The original article
MS/MS Mass Spectrometry Filtering Tree for Bile Acid Regio- and Stereoisomer Annotation
Ipsita Mohanty, Shipei Xing, Vanessa Castillo, Julius Agongo, Abubaker Patan, Yasin El Abiead, Helena Mannochio-Russo, Wilhan D. Gonçalves Nunes, Jasmine Zemlin, Itzhak Mizrahi, Dionicio Siegel, Mingxun Wang, Lee R. Hagey, and Pieter C. Dorrestein*
Anal. Chem. 2026, 98, 6, 4571–4584
https://doi.org/10.1021/acs.analchem.5c05677
licensed under CC-BY 4.0
Selected sections from the article follow. Formats and hyperlinks were adapted from the original.

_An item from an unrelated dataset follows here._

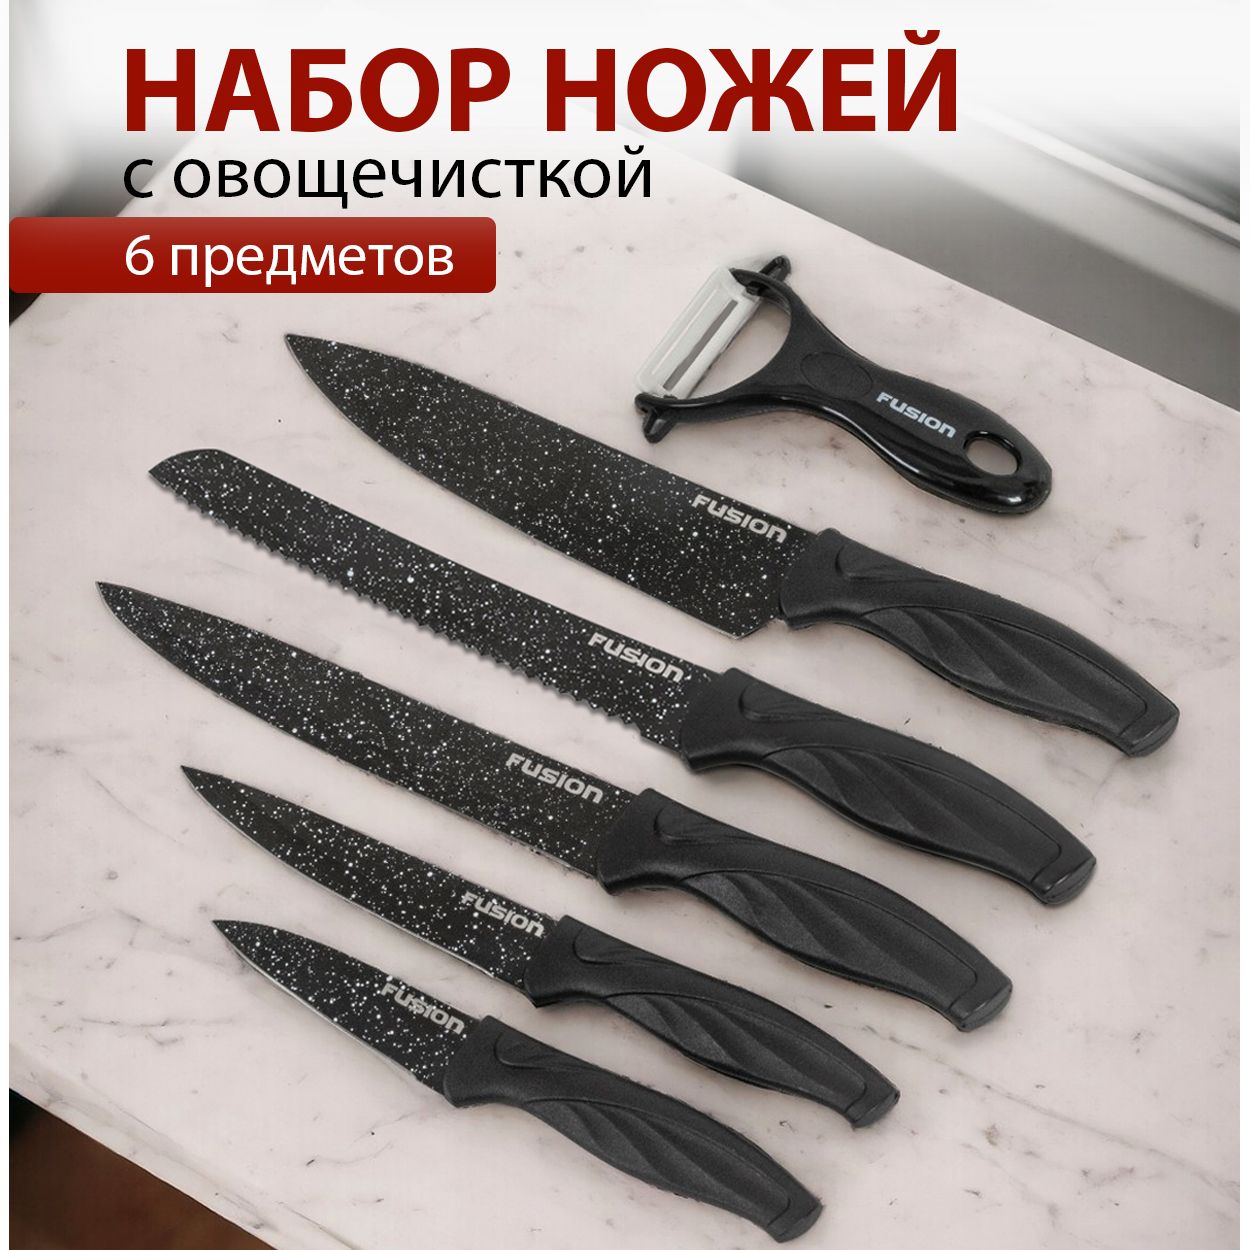 НаборкухонныхножейсовощечисткойFusionSKP6001,black(овощнойнож,универсальный,нождлянарезки,нождляхлеба,шеф-нож)
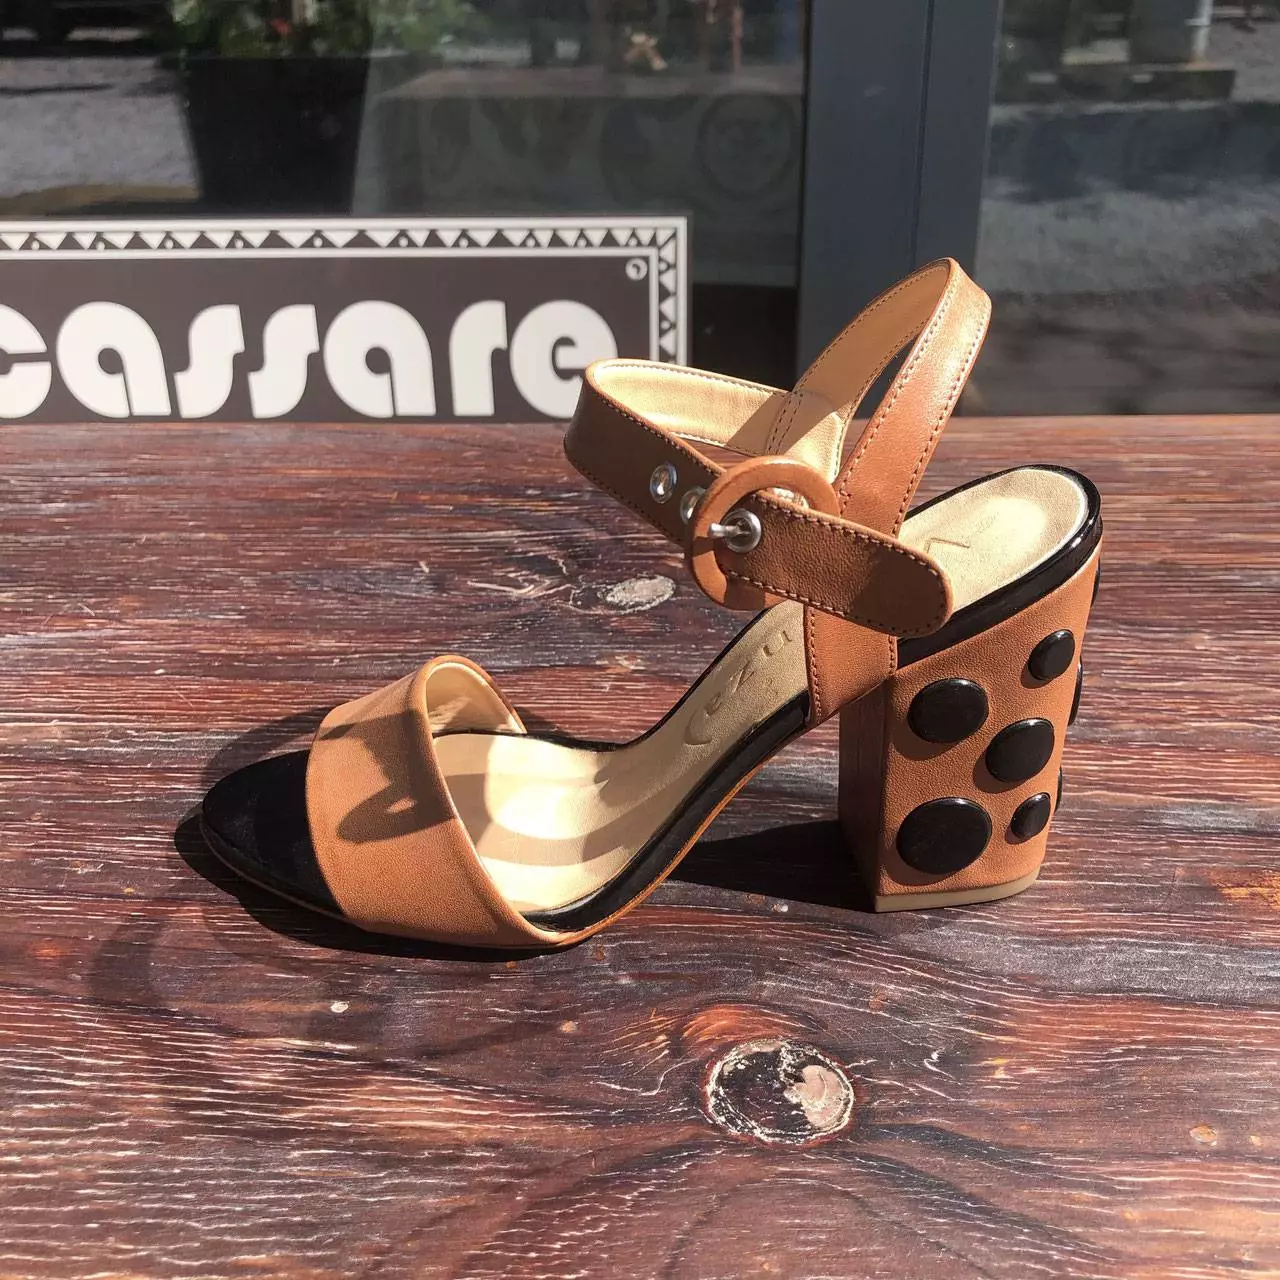 Atanado 4 – Leather Heels Shoes Cassare

Cholesterol-derived steroid molecules, known as bile acids, have been detected in nearly every organ where they have been studied. (1) Alterations in bile acid composition and dysbiosis have been linked to various health conditions, including neurocognitive developmental disorders, cancer, infections, and metabolic diseases such as diabetes and inflammatory bowel disease (IBD). (2−8) In the last 5 years, the number of detected bile acids in metabolomics experiments (1,9−15) has increased by the 1000s and possibly approaching 10,000s - most of which have not yet been fully structurally characterized. (1,6,16−19) We believe this is only the tip of the iceberg and that in the next 5 years this number will continue to increase. The scale of the bile acid pool and the challenge of accurately detecting and describing their structure truly represent an exciting frontier for analytical and computational scientists who continue to push the boundaries of what is possible.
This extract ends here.